BadWorld: Adversarial Attacks on World Models

2026-06-15Computer Vision and Pattern Recognition

Computer Vision and Pattern Recognition
AI summary

The authors study visual world models (VWMs), which predict future video frames based on a single image and user actions. They create BadWorld, a new way to test how easily these models can be fooled by small changes that look normal but disrupt the model's predictions. Their method does not need the true future videos and works even when future user actions are unknown. They find that these attacks can cause serious failures in the models’ outputs, suggesting that VWMs might be risky for important applications but could also be used to protect privacy.
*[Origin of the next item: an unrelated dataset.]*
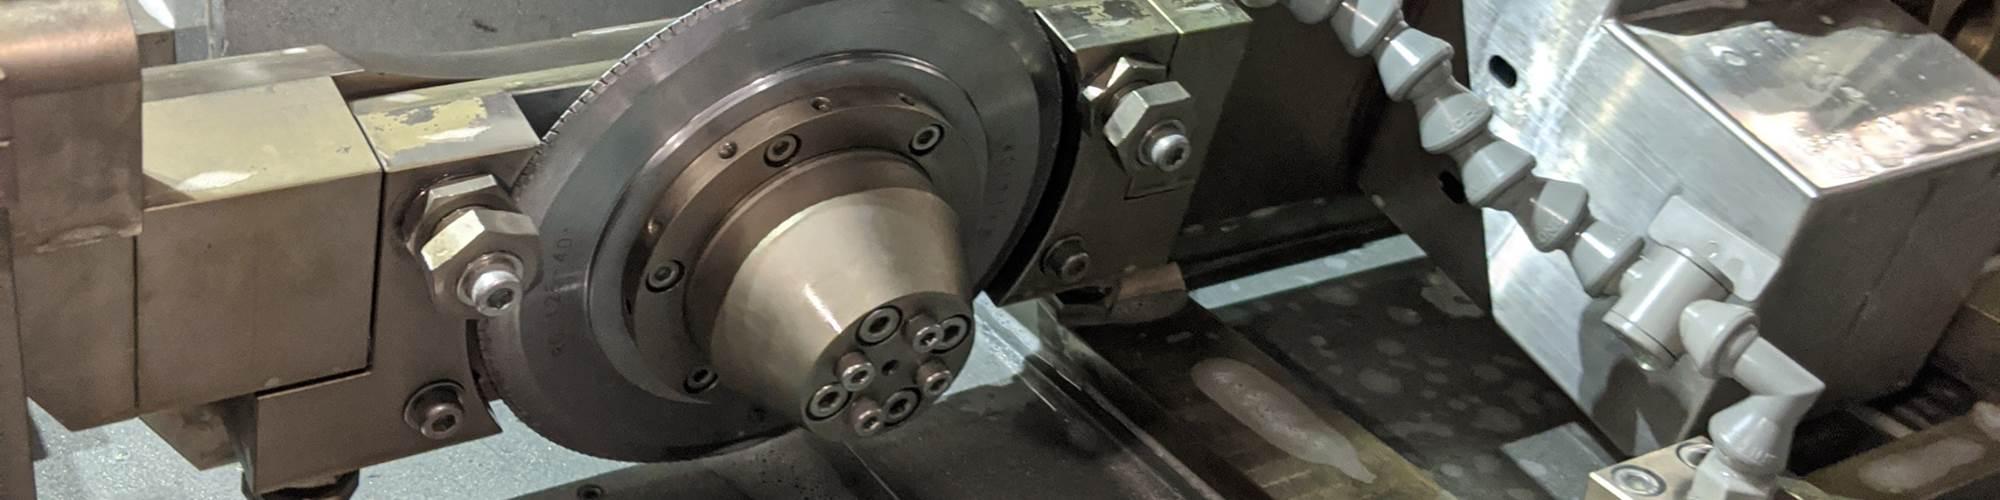 Amada grinding machine with a CNC trunnion dresser

Visual World ModelsAdversarial AttacksSelf-Supervised LearningDenoising DynamicsBi-level OptimizationTrajectory-Adaptive AttackControl-Agnostic PerturbationsFuture Video PredictionStructural FragilityPrivacy Protection
Authors
Linghui Shen, Mingyue Cui, Xingyi Yang
Abstract
Visual world models (VWMs) synthesize interactive, action-conditioned rollouts from a single context image. However, it remains an open question how robust these models are to adversarial perturbations. Standard adversarial attacks fail to assess this vulnerability because attackers lack ground-truth future videos and cannot predict subsequent user controls. We introduce BadWorld, a label-free adversarial framework tailored for autoregressive VWMs that systematically overcomes both constraints. First, to bypass the need for future supervision, we propose a self-supervised velocity attack that directly disrupts the early denoising dynamics of the model. Second, to ensure the attack generalizes across unpredictable user actions, we formulate a trajectory-adaptive bi-level optimization that actively mines hard control sequences to forge control-agnostic perturbations. Evaluated on representative VWMs with continuous and discrete controls, BadWorld exposes severe structural fragility. Visually indistinguishable adversarial images reliably trigger catastrophic degradation in future rollouts, leading to incomplete denoising, structural collapse, and control inconsistency. These findings reveal critical risks for deploying VWMs in safety-critical systems while highlighting a practical mechanism for privacy protection.